Credo che il tratto comune di fondo delle due visioni fosse un’antropologia negativa, una visione per cui l’uomo, la società e figurarsi i loro capoccia politici sono naturaliter cattivi e portati al disordine e quindi vanno corretti con le regole, le indagini a tappeto e le manette a gogò decise ed attuate in autonomia dalla classe superiore dei sacerdoti della giustizia. È auspicabile che questi presupposti – che non appartengono certo alla generalità dei magistrati, ma ai capi corrente e ai capi sindacali che governano carriere e trasferimenti sì – vadano considerati, valutati e possibilmente superati. Perché è lungo questa china che ci è andato di mezzo l’equilibrio dei poteri dello Stato, essenziale per la democrazia, e la stessa possibilità di maggior benessere materiale e morale del popolo.

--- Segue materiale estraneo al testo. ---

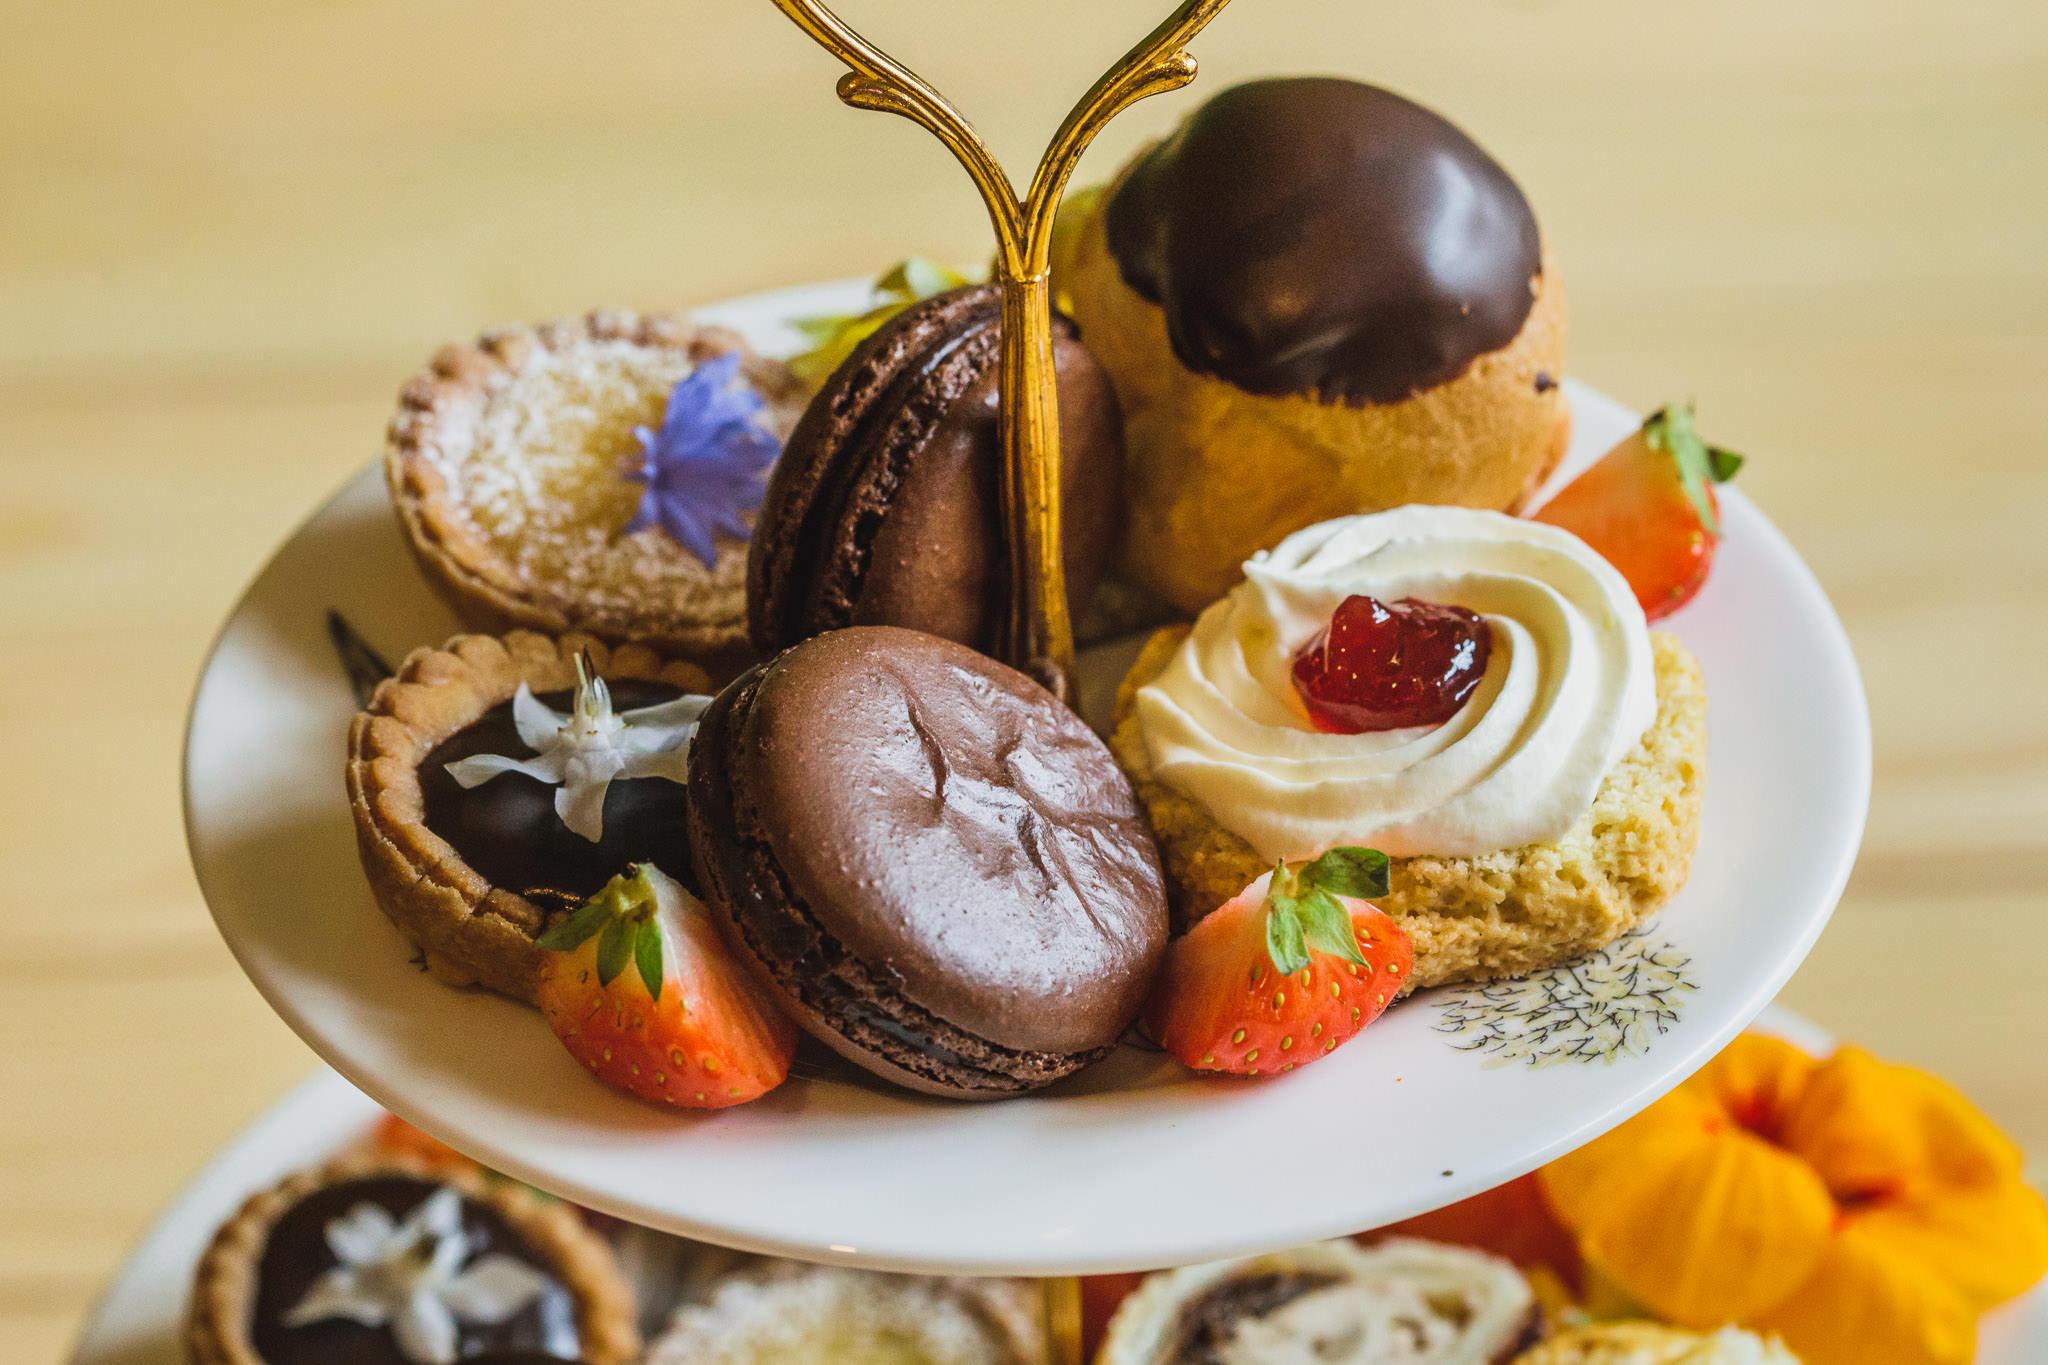 Afternoon tea cake selection

Occorrerebbe che politica e magistratura, ciascuna nell’ambito  della propria indipendenza e delle proprie competenze, trovassero la pazienza di un dialogo politico, ma anche di un dialogo culturale che piano piano riaprisse degli spiragli per uscire dalla buca in cui siamo. Non per regolare i conti, non per contrattare la difesa ad oltranza di rispettivi privilegi, ma per accortamente riformarsi, correggersi al proprio interno senza insabbiare le magagne, e soprattutto relazionarsi al lato sano della vita del popolo: non quello che chiede vendette e si esalta per i castigamatti (peraltro ormai minoritario, dopo le grandi delusioni da Mani pulite a M5s) ma a quello che lavora, educa, produce, costruisce. Che sa essere solidale con gli altri, o di solidarietà ha bisogno perché azzannato dalla povertà.

Ecco: parlarsi cercando di avere negli occhi e nel cuore la realtà che interpella e non l’ideologia o il potere che si vorrebbe imporre, è – forse – l’unica strada. Dovrebbe valere per il Parlamento e il Csm come anche per un’assemblea di condominio. Cioè a dire dovrebbe valere per ognuno di noi nel nostro normale relazionarci con gli altri.